Onur Eker ve dedesi, bayramın birinci günü öğle saatlerinde kurbanlık koyunu kesmek için ahırdan çıkardı. Bu sırada kurbanlık koyun dağlık alana doğru kaçtı. Onur ve dedesi, koyunun peşinden gitti.

Dede Zühtü Erdoğan, geri dönerek kamyonetini alıp koyunun önüne geçmek için farklı bir yoldan gitti.

Onur Eker ise, dağlık alanda koyunla birlikte kayboldu. Erdoğan'ın yakınlarıyla yaptığı aramadan sonuç alınamayınca polis ve jandarmaya haber verildi. Sabah'ta yer alan habere göre, Arama - kurtarma ekipleri, bayramın ilk günü saat 15.00'ten itibaren arama faaliyeti başlattı.

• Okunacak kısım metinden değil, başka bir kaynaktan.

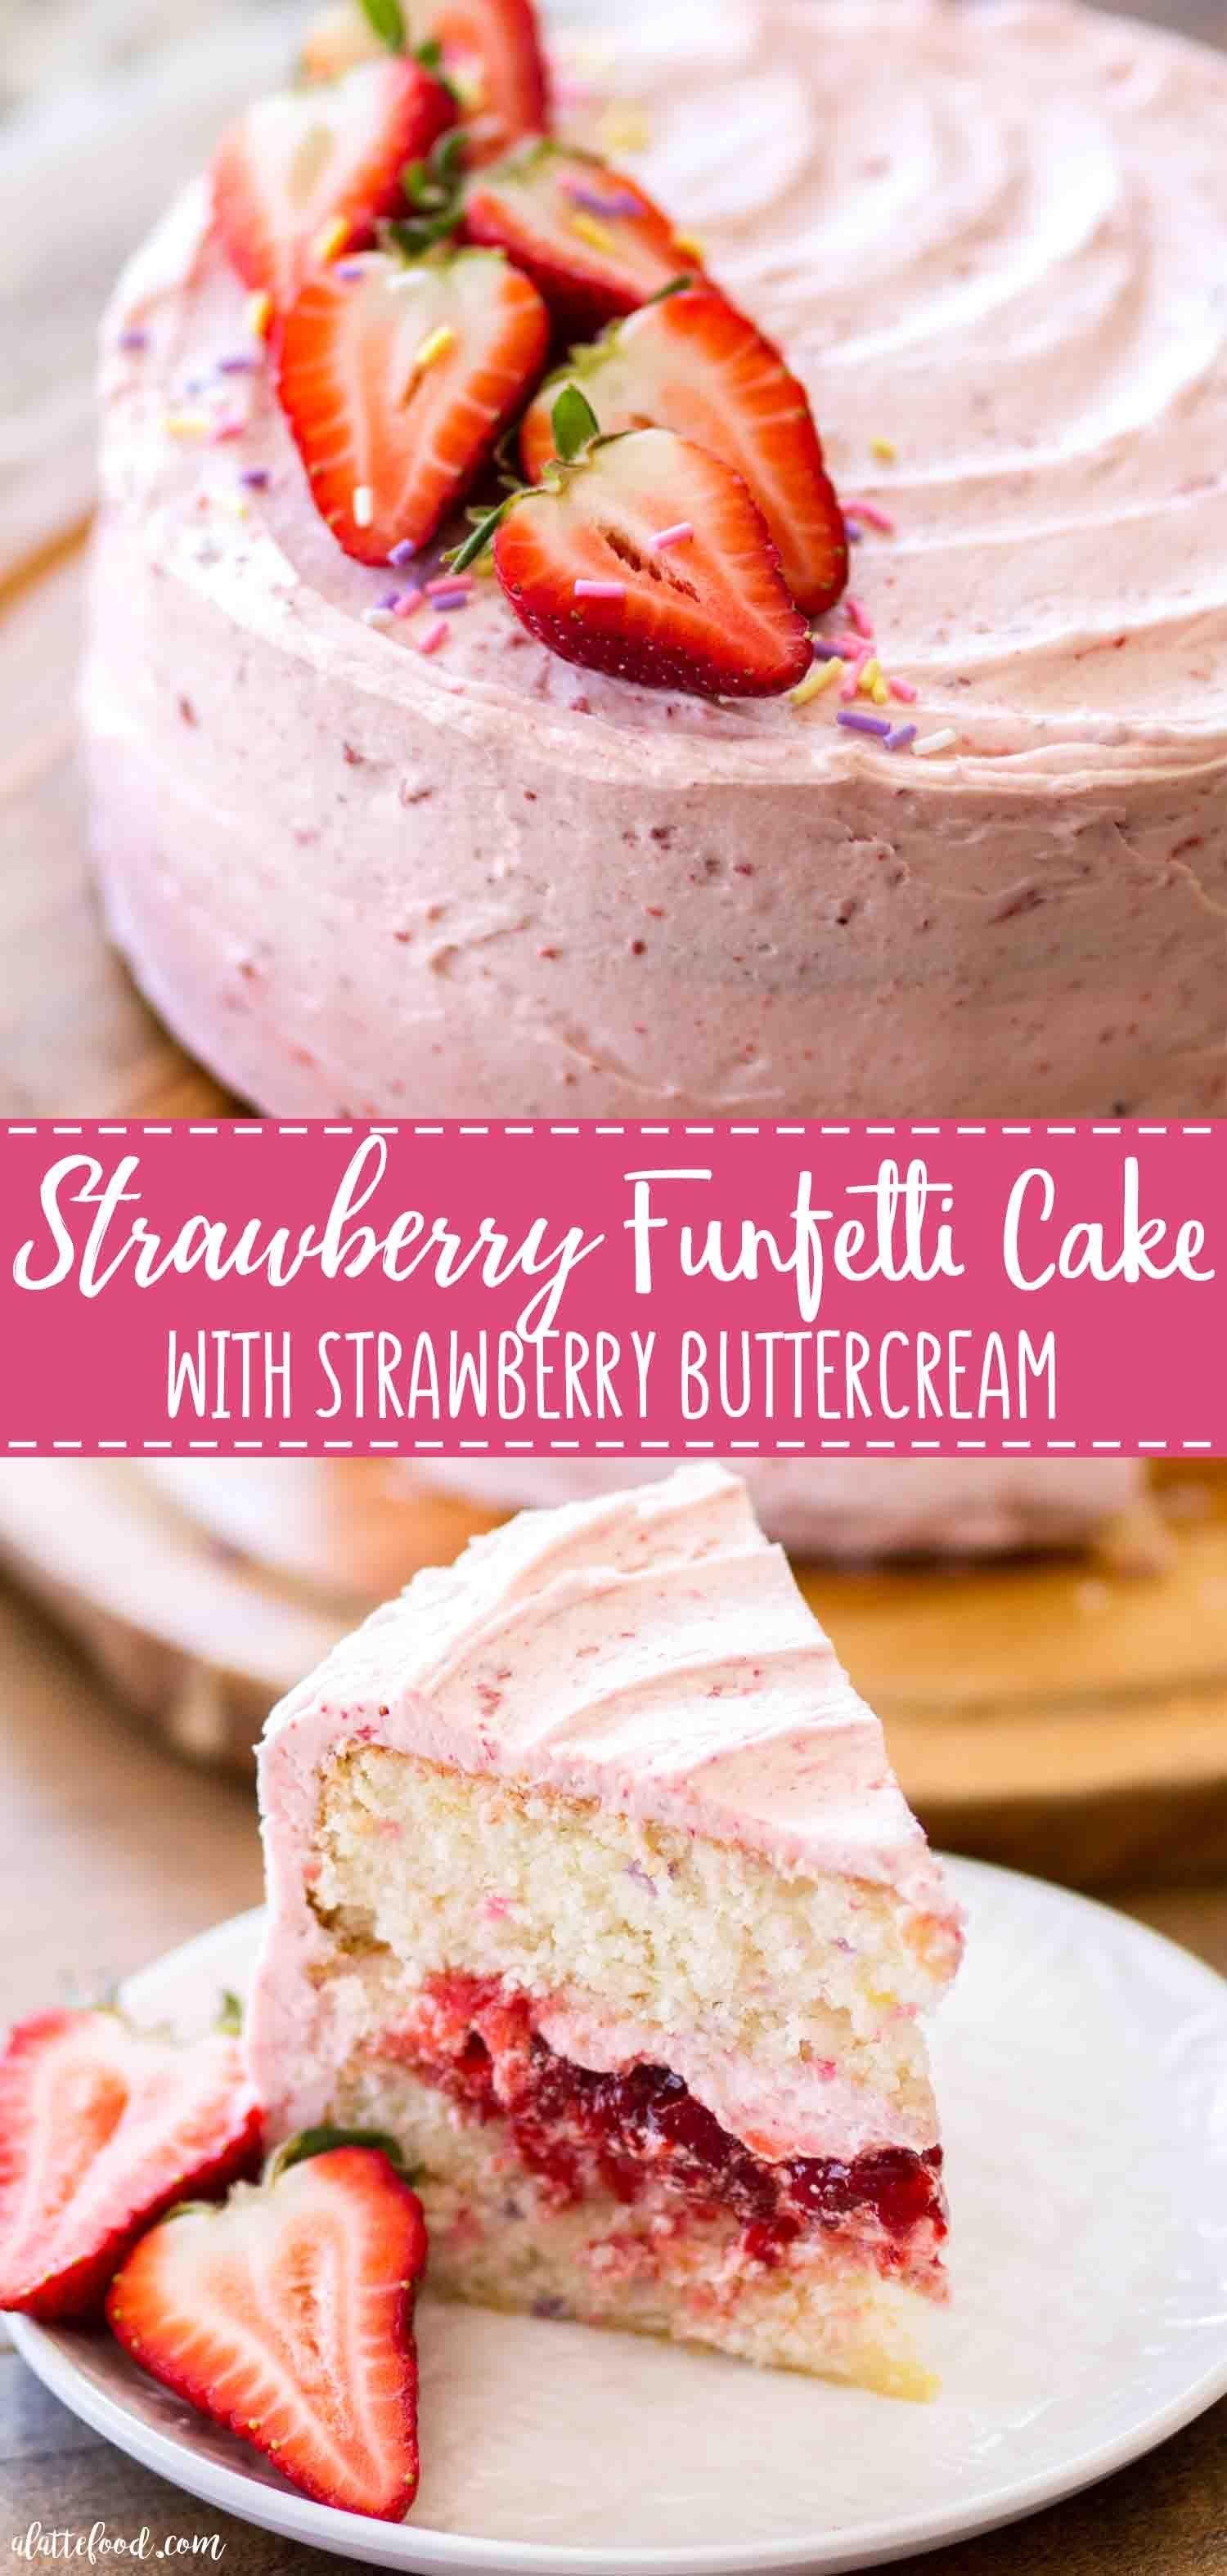 Strawberry Funfetti Cake with Strawberry Buttercream

Gece geç saatlere kadar süren aramalarda, kaybolan Onur Eker bulunamadı. Bayramın ikinci günü sabahın erken saatlerinde yeniden arama çalışması başlatılırken, havadan helikopter destekli yapılan çalışmalarda termal kamera ve drone kullanıldı. Yaklaşık 100 kişilik bir ekip tarafından gerçekleştirilen arama faaliyetine rağmen Onur'un izine rastlanılmadı.

Bayramın üçüncü gününde de 100'ün üzerinde personelden oluşan arama kurtarma ekibi faaliyetlerini sürdürdü. Eker'in telefonunun şarjı bitmeden önce son sinyal verdiği noktadan itibaren başlanılan aramalar Sirkeli Mahallesi çevresinde devam etti.

Ekipler 3 günün toplamında helikopterle yapılan taramalar dahil yaklaşık 50 kilometrekarelik alan içerisinde arama faaliyetlerine devam ederken, akşam saatlerinde kurumuş bir dere yatağının kenarında Eker'in cansız bedenine ulaşıldı.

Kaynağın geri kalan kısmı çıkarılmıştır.